Lees, Tiener

Masai

Miloe heeft een dochter van 11 en een zoon van 14. ze ging deze zomer met ze op vakantie naar Kenia. Een vakantie met weinig wifi, geen ijsjes, pizza of zwembaden, wat best out of comfortzone was. Lees in dit blog hoe dat uitpakte.

‘Ik denk dat ik thuis makkelijker geld ga uitgeven. Deze mensen hebben helemaal niks, en ik heel veel.’ Mijn tiener en ik liepen de vulkaan af die we net hadden beklommen met Jackson, onze Keniase Masai-gids en gastheer. We doen vandaag het enige dat de tiener écht niet wilde tijdens onze reis door Kenia: slapen in een ‘poephut’ zoals hij het noemde. Ik begreep het, naar Kenia gaan is best out of comfortzone: weinig tot geen wifi, geen ijsjes, pizza’s of zwembaden en geen leeftijdsgenoten. Voor iemand met wat overgevoelige zintuigen was logeren bij een Afrikaanse stam wellicht wat te en we veranderden het in een nachtje kamperen. Maar in een land als Kenia lopen de dingen nog wel eens anders, en volgens Jackson moesten we echt bij hem logeren. En dus stapte de tiener bij de Masai achterop de motor en hobbelde stofhappend naar de middle of nowhere. 

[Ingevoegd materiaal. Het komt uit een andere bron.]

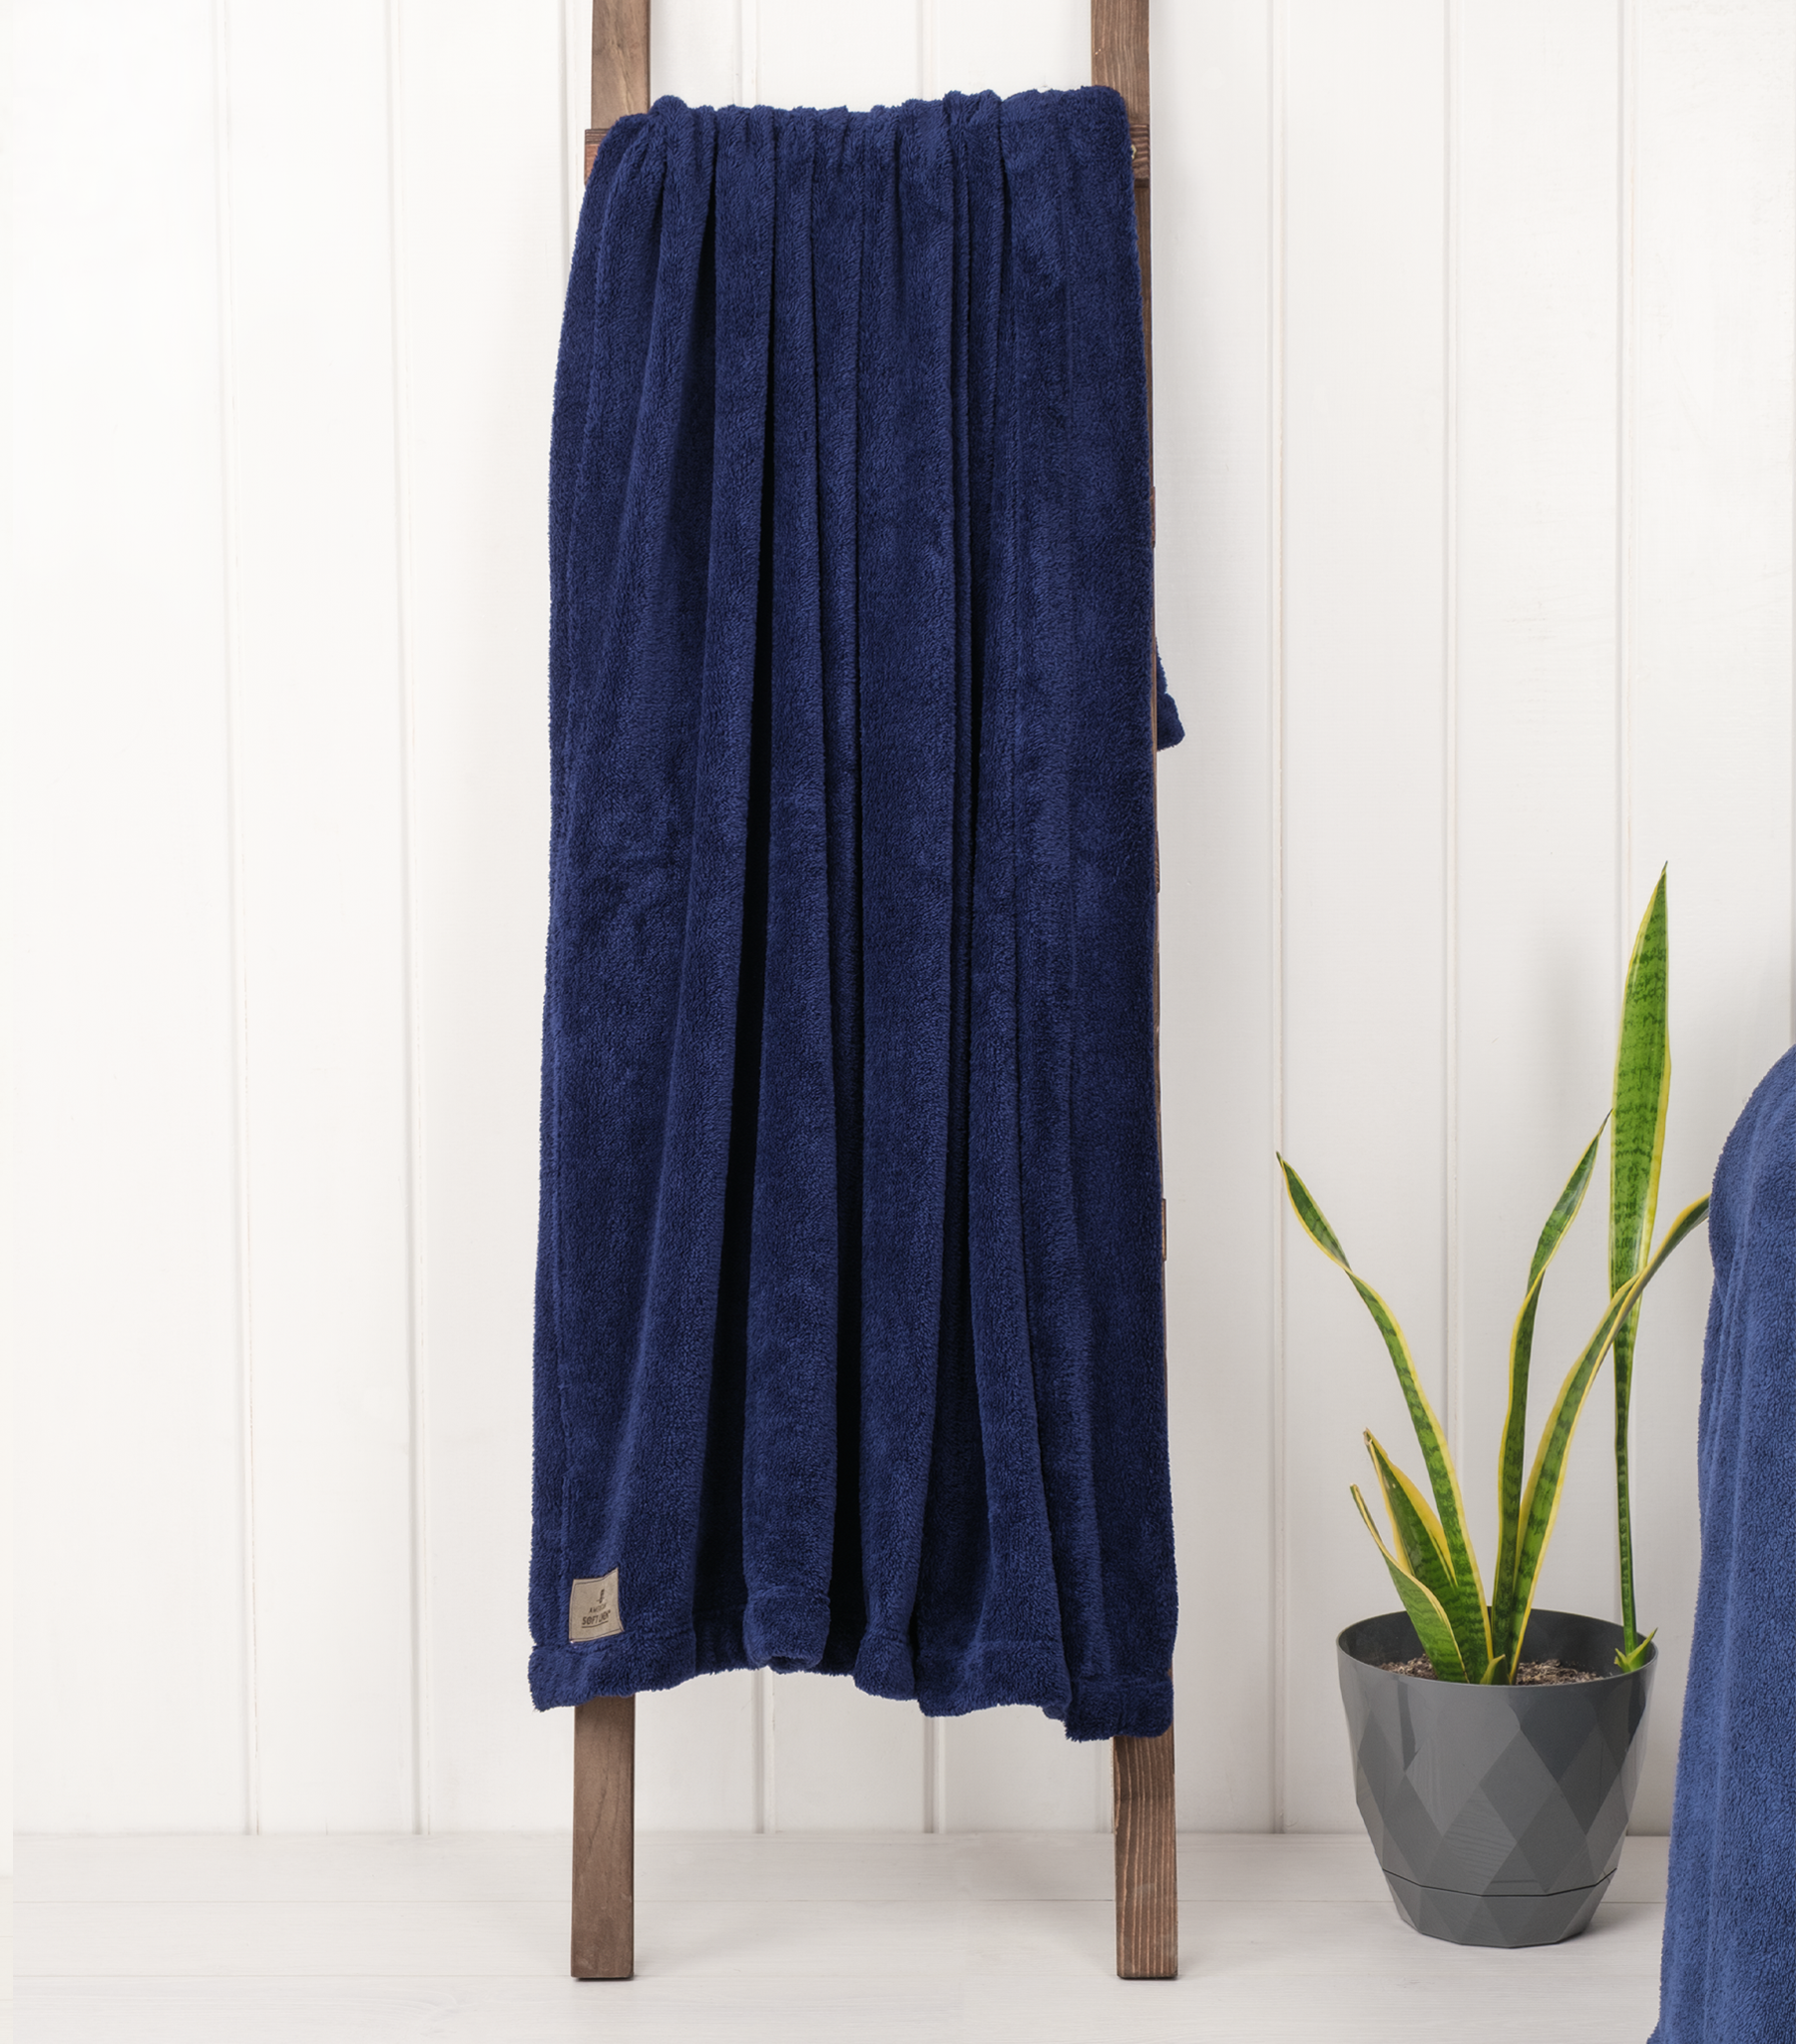 American Soft Linen - Bedding Fleece Blanket - Throw Size 50x60 inches - Navy-Blue - 2

Na de vulkaan-beklimming onderwierpen Jacksons dochters en zoontje ons aan een uitgebreid onderzoek, ze bekeken mijn hartjesoorbellen (‘love!’), de kleuren van onze armbandjes (red! orange! pink!), schreven onze namen in de meegenomen schriften en kropen op schoot. Mijn 14- en 11-jarige ondergingen het wat ongemakkelijk maar ook nieuwsgierig, namen een kijkje bij de geiten, koeien, schapen en kippen waar de Masai intensief mee samenleven, aten rijst met linzen bij het vuur, plasten boven een gat in de grond, hoorde Jackson vertellen over zijn vader die drie vrouwen had (en hij 21 broers en zussen..) wilden weten je of homo mocht zijn van de Masai (ik heb het niet gevraagd…) en gingen zonder morren om half negen naar bed – bij gebrek aan elektra is zonsondergang in Kenia bedtijd. De oudste mopperde wat over het kleine bed dat hij deelde met zijn vader en viel vervolgens gewoon in slaap – ik zag het daarentegen half 3 worden in het mini-hutje, enige claustrofobie is mij niet vreemd.

Eerdere gezondheidsproblemen maakten glashelder wat ik belangrijk vind.

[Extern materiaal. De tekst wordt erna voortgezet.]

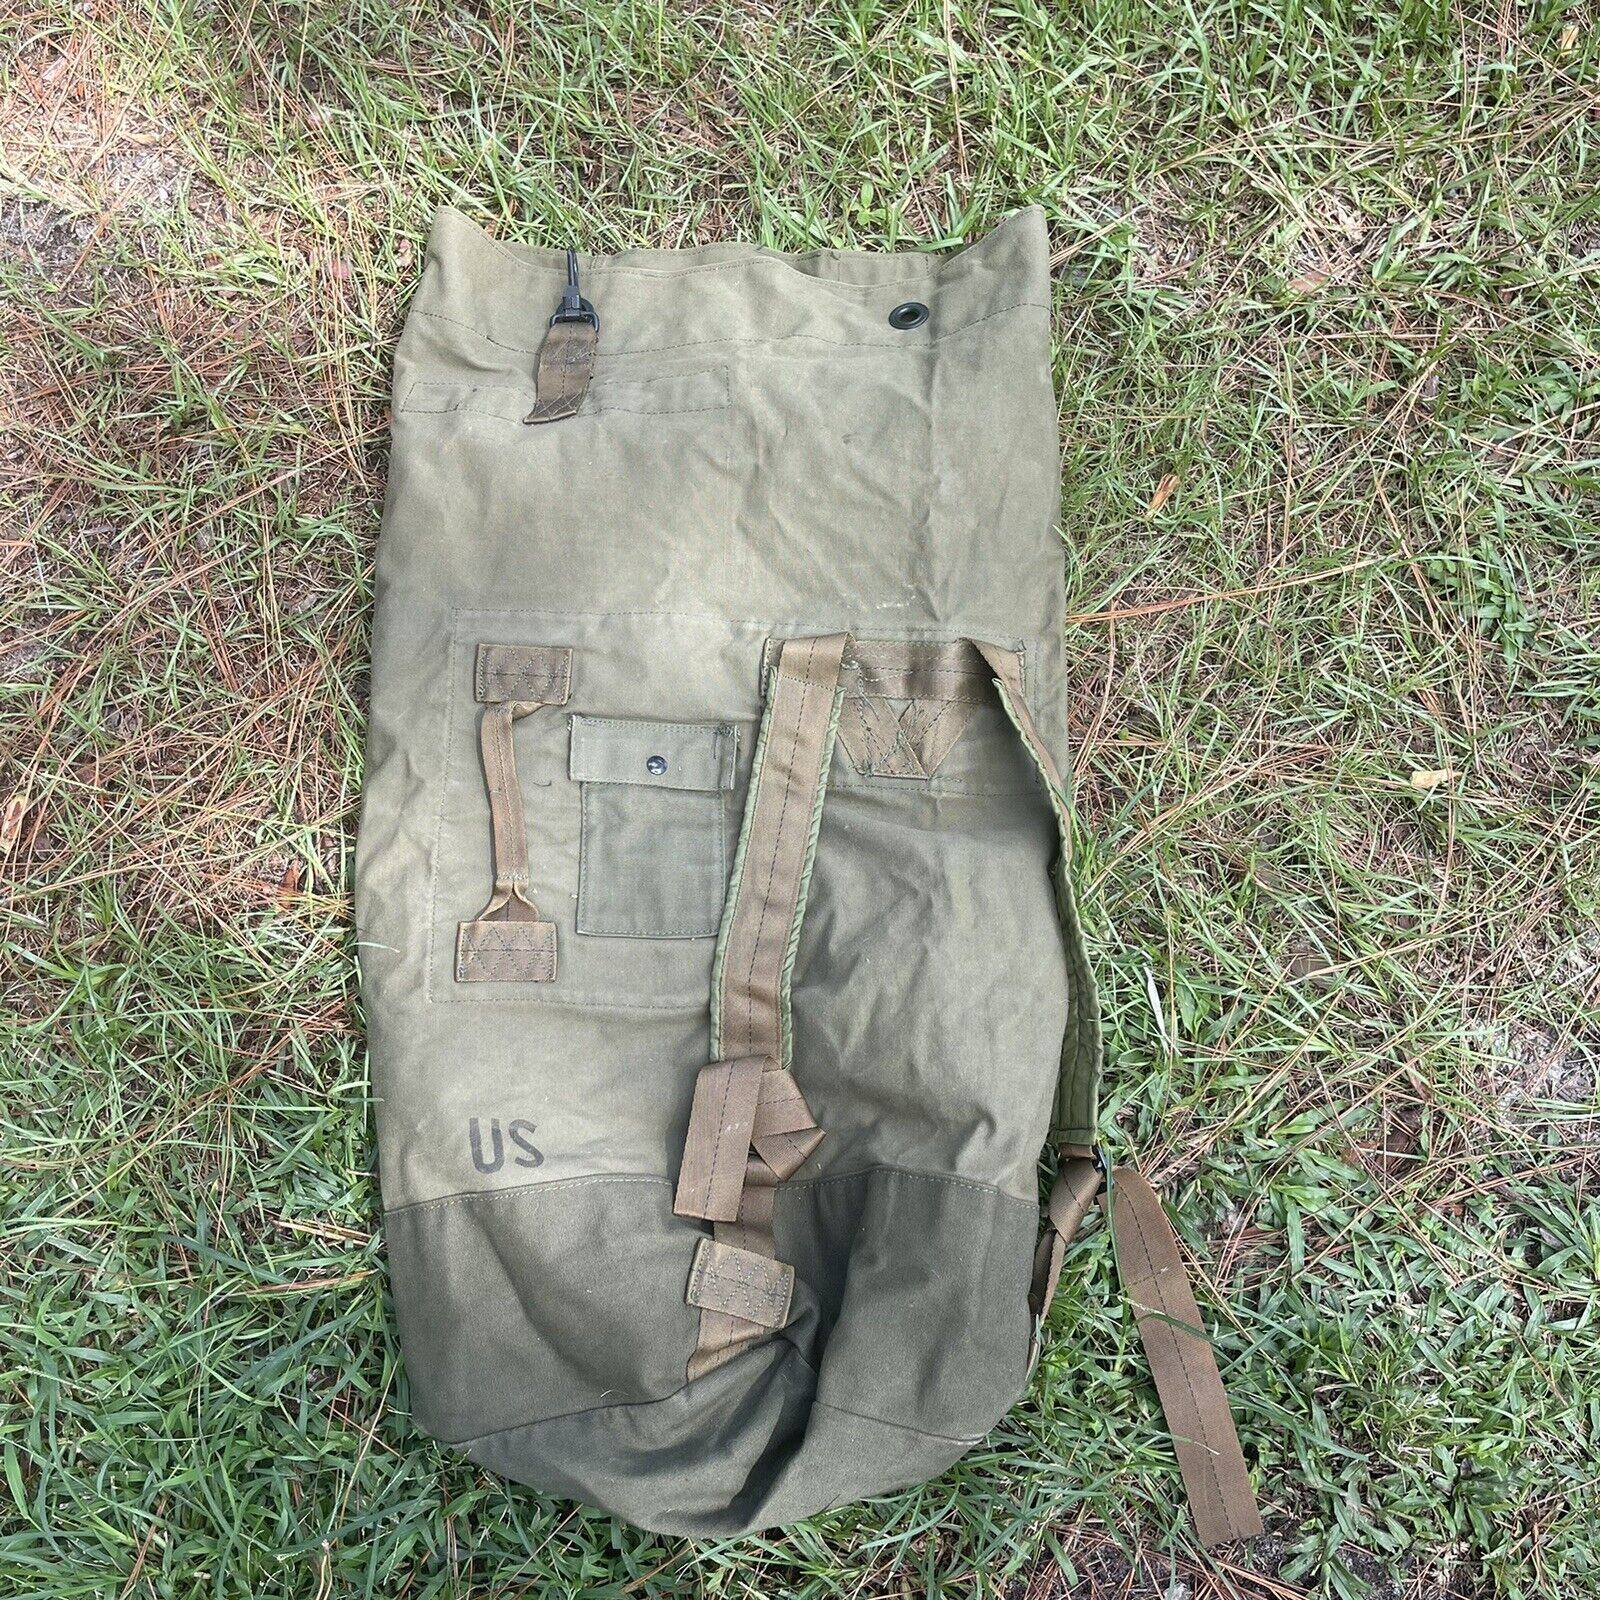 VTG US Military Duffle Deployment Bag DLA100-78-C 2 Strap Bag Type II W/2 STRAPS

Achttien jaar geleden ontmoette ik mijn man tijdens een groepsreis door Kenia en Oeganda. Sindsdien wilde ik terug. Het landschap, de geuren en kleuren, de mensen, ik vond het zo uniek, voelde me er zo vrij. Maar met kinderen waarvan een niet heel meegaand, vond ik het te spannend en te duur. Dit jaar wilde ik niet meer uitstellen. Eerdere gezondheidsproblemen maakten glashelder wat ik belangrijk vind: mijn boek schrijven, mijn gezin, mijn vrienden en reizen. Ik stuitte via via op Charlies Travels, een in Kenia gevestigde reisorganisatie, en in april hakte ik de knoop. ‘Geld verdienen we terug, tijd niet,’ herhaalde ik de woorden van een vriendin toen man sputterde over de investering die geen ruimte meer liet voor de door hem gewenste dakkapel. 

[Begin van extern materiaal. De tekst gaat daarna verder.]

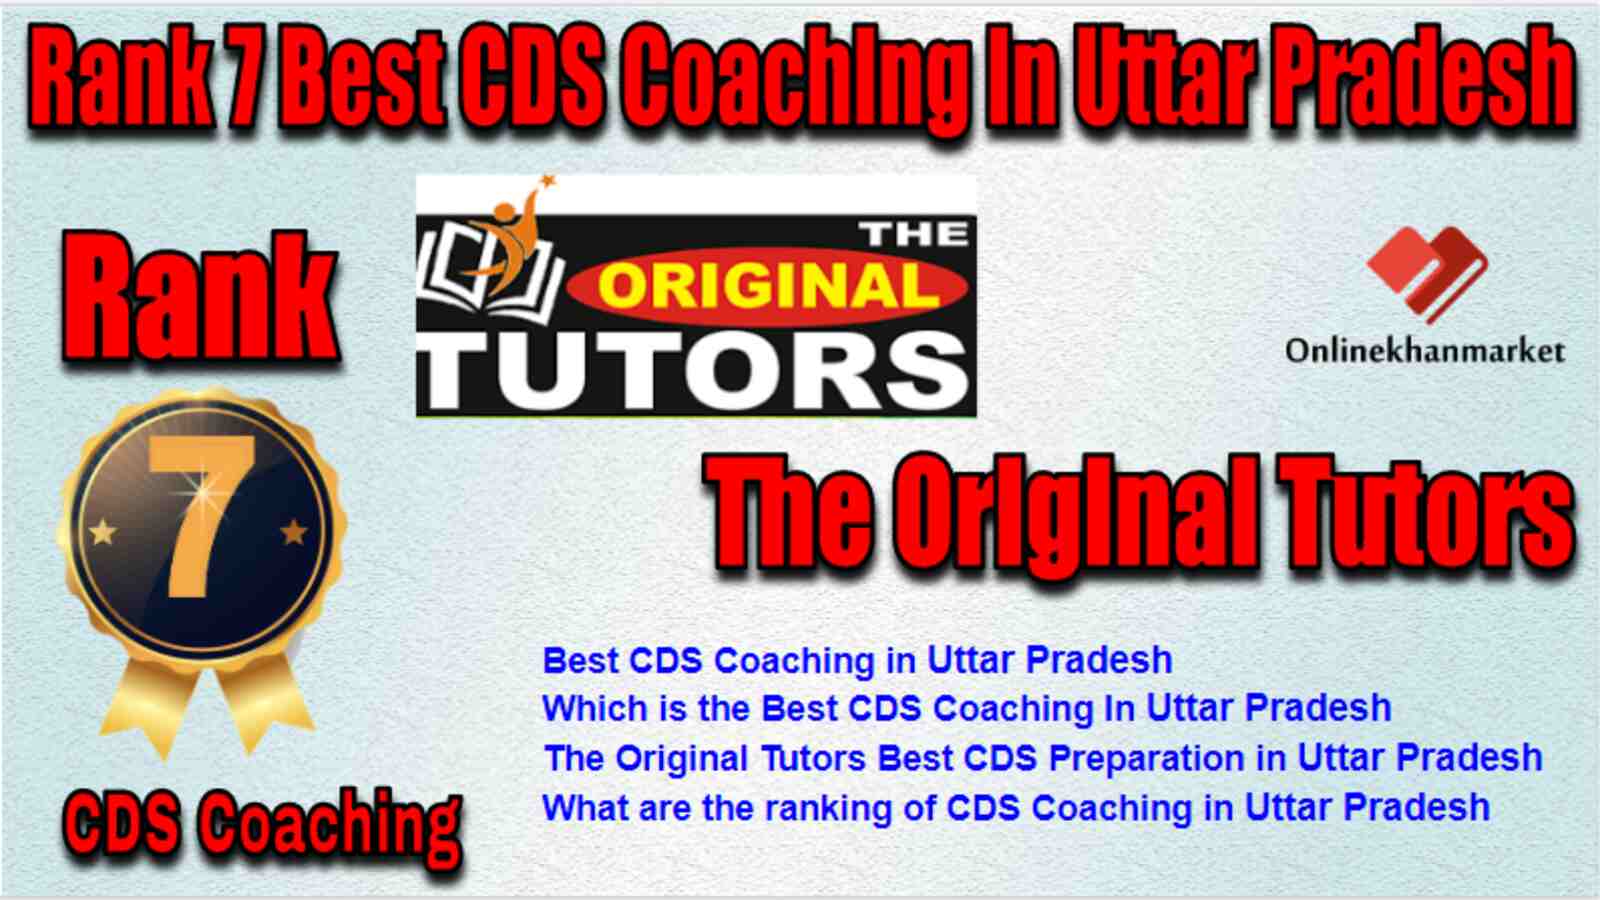 Rank 7 Best CDS Coaching in Uttar Pradesh

We zagen de afgelopen weken cheeta’s jagen op een konijn, liepen met een ex-straatkind door downtown Nairobi, fietsten tussen zebra’s en buffels, voeren naast nijlpaarden, zagen een leeuw gnoes bespringen en aten verse kreeft en krab bij de Indische Oceaan. Man reed het grootste deel zelf, vaak offroad, dwars door de chaos van marktjes, ezels, koeien, mensen, potholes en overstekende giraffen. De oudste las uitstekend kaart, spotte als eerste wild (die overmatig ontwikkelde zintuigen kwamen uitstekend van pas), zijn hang naar avontuur werd ruimschoots bevredigd (nijlpaarden tegenover je tent!) en hij kletste met de jonge Keniase gidsen die hem ‘bro’ noemde. Tuurlijk klaagde hij wel eens, als er weer rijst op het menu stond, de douche opnieuw koud was, alle kleren stonken en onder het stof zaten of hij 33 keer gestoken was. Soms lagen man en ik uitgeput in bed en was hij nog aan het stuiteren of deed de Maya-dans (check YouTube), niet zelden werd hij enthousiaster van een wifi-paal dan van een olifant, soms werden we gek van zijn niet aflatende aanraak-behoefte, maar we hadden vooral veel plezier, bijzondere gesprekken en we waren samen. 

Het was de eerste vakantie waarin ik niet hoefde te koken en afwassen.

Ik leerde weer dat weerstand gewoon overgaat en hoe andere omstandigheden je kunnen verrassen. Zo had de jongste, stiller en flexibeler dan haar broer, het vaker moeilijk. Met fietsen in de brandende zon, tijdens lange safari’s, met kakkerlakken en mieren, met het afscheid van puppies en poezen. Maar ook zij stapte zonder morren achterop de motor bij een vreemde en sliep probleemloos in elf verschillende bedden. Samen hadden ze bovendien de grootste lol, bij hen geen vanzelfsprekendheid. En eerlijk is eerlijk: het was de eerste vakantie waarin ik niet hoefde te koken en afwassen, dat scheelt nogal veel discussie, net als het ontbreken van het ‘wat gaan we vandaag doen’ gesprek.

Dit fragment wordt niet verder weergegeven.